It was a significant part of our lives, our passion and when it paid off, it brought immense satisfaction. It was a very natural subject of talk for us, but really -- do you want to hear about the state of an inflamed heart we found in a dissected kitten, what happens to bodily functions when some dude flails a cat while holding it by the tail, how a neglected cat lost her eye to disease or other fascinating subjects from this category? All those conversations while eating?

Then why should people who aren't passionate about children endure conversations about children defecating? Really. I can handle it, of course (while I don't love it), but I can repay with a story about a dog eating her own intestines, so I'm probably not a benchmark for most sensitive listener.

People not wanting to hear about babies are just like people not wanting to hear about eyes falling out of sockets, it's only ours (yeah, I can talk about babies too) presuppositions that make the subjects seem so different.

(btw, if you rob me of my daily walk, I will fall asleep in your office)

Great points! But, it can get pretty lonely to have your lunch alone - sometimes even depressing. I tend to have lunch with 1 or 2 of the closest of workmates whenever I can.
> "Enforced association" is phoney.

It isn't, really. Proximity is a pretty good predictor of friendship or relationships -- partly for the purely mechanical reason that you need to be near to someone to relate at all, but partly because repeated exposure to people makes them less threatening and therefore more likeable. It's why, when I first got to university, I made a point of only sitting next to beautiful classmates.

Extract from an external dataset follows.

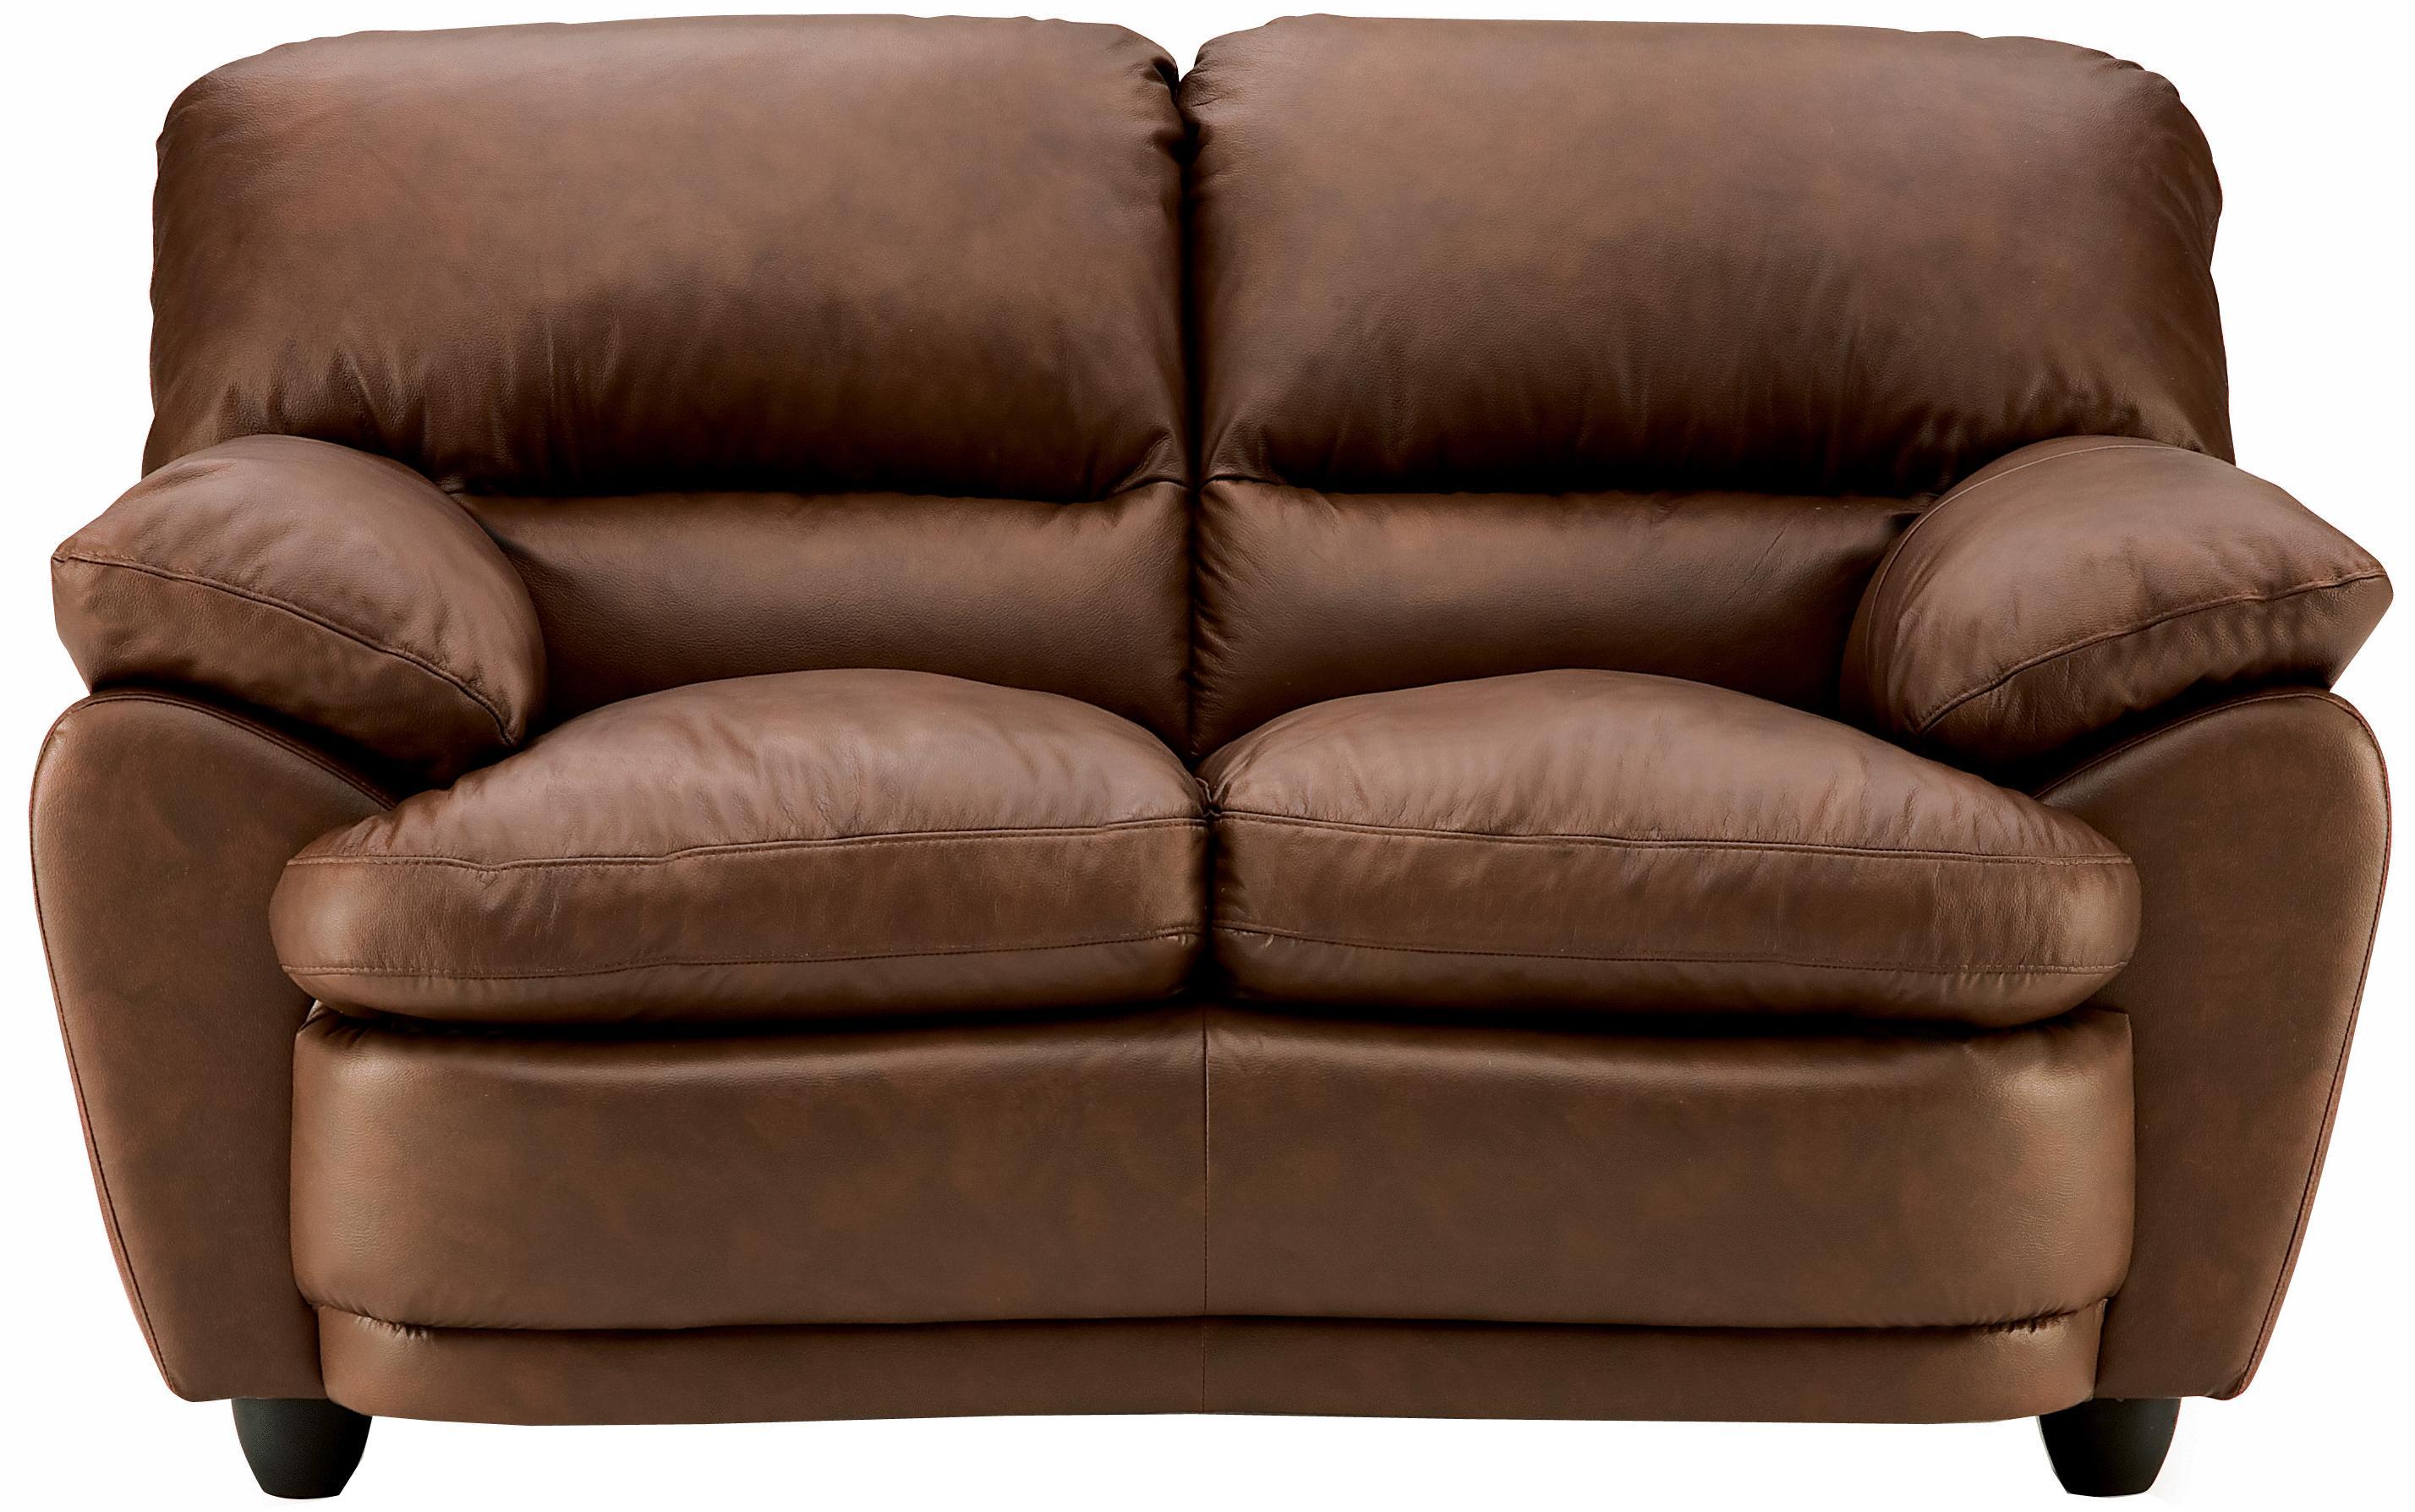 Harley Love Seat by Palliser at Mueller Furniture
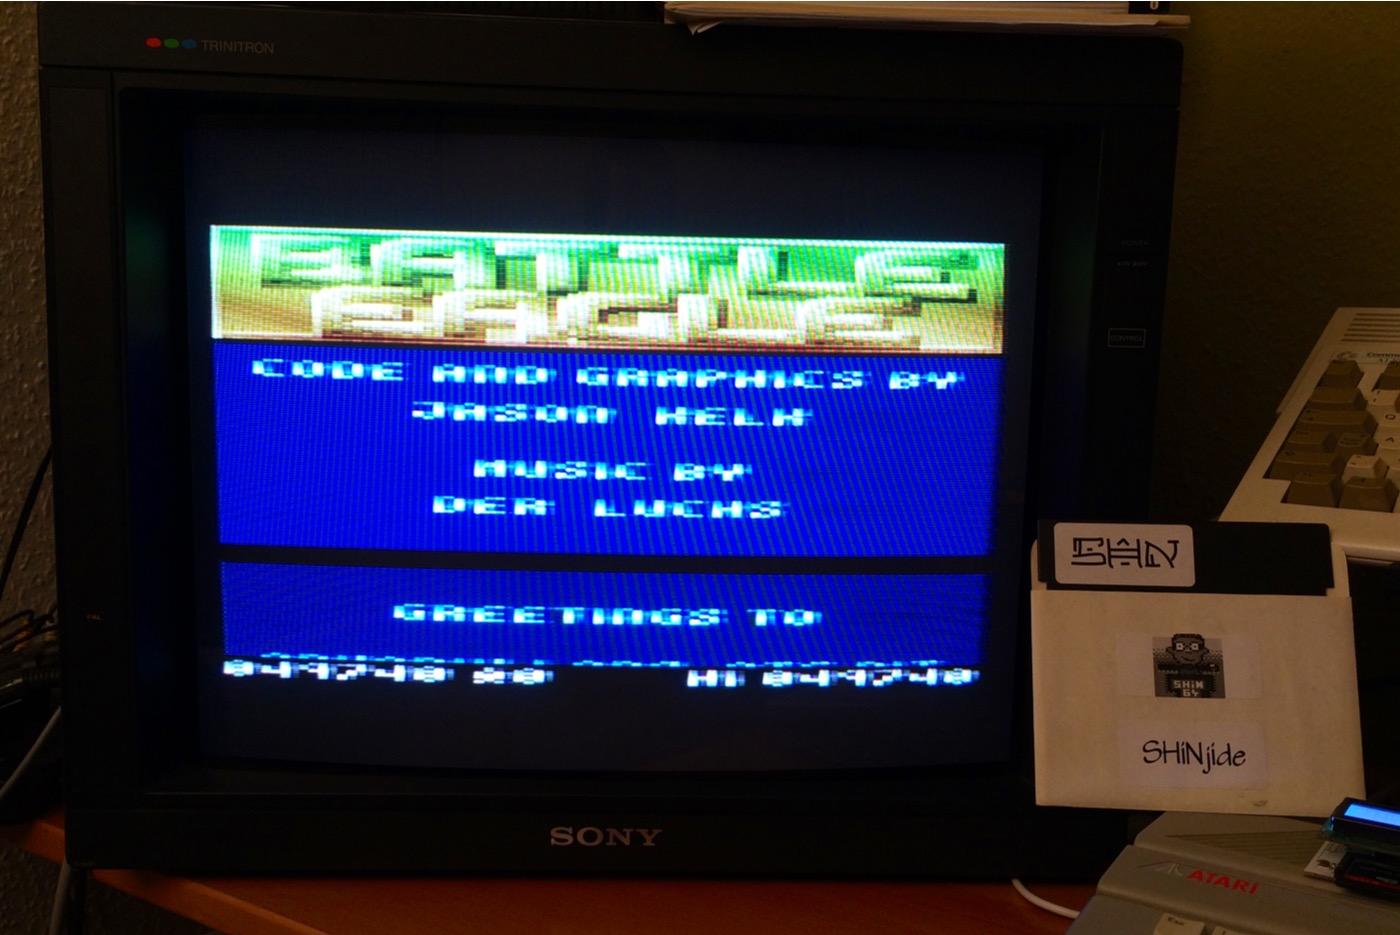 SHiNjide: Battle Eagle (Atari 400/800/XL/XE) 49,740 points on 2015-01-16 16:50:27

"Familiarity breeds contempt" is wrong.

It should be: "Familiarity breeds".

Absolutely agree with you. I'm not sure why this post got 200+ points. Enforced Association is perfect description and it's something that every company must be aware of. I try to get our team together once a month to go out for lunch but that's where it stops. Everyone likes each other and they spend time together at lunch when they want to, not when they're forced to.

For me lunch is a time to stop thinking about work and get out of the office.

If people don't like sitting together at lunch, all you do is force them to think about creative things to say rather than letting them rest their mind and come back to work more productive after lunch.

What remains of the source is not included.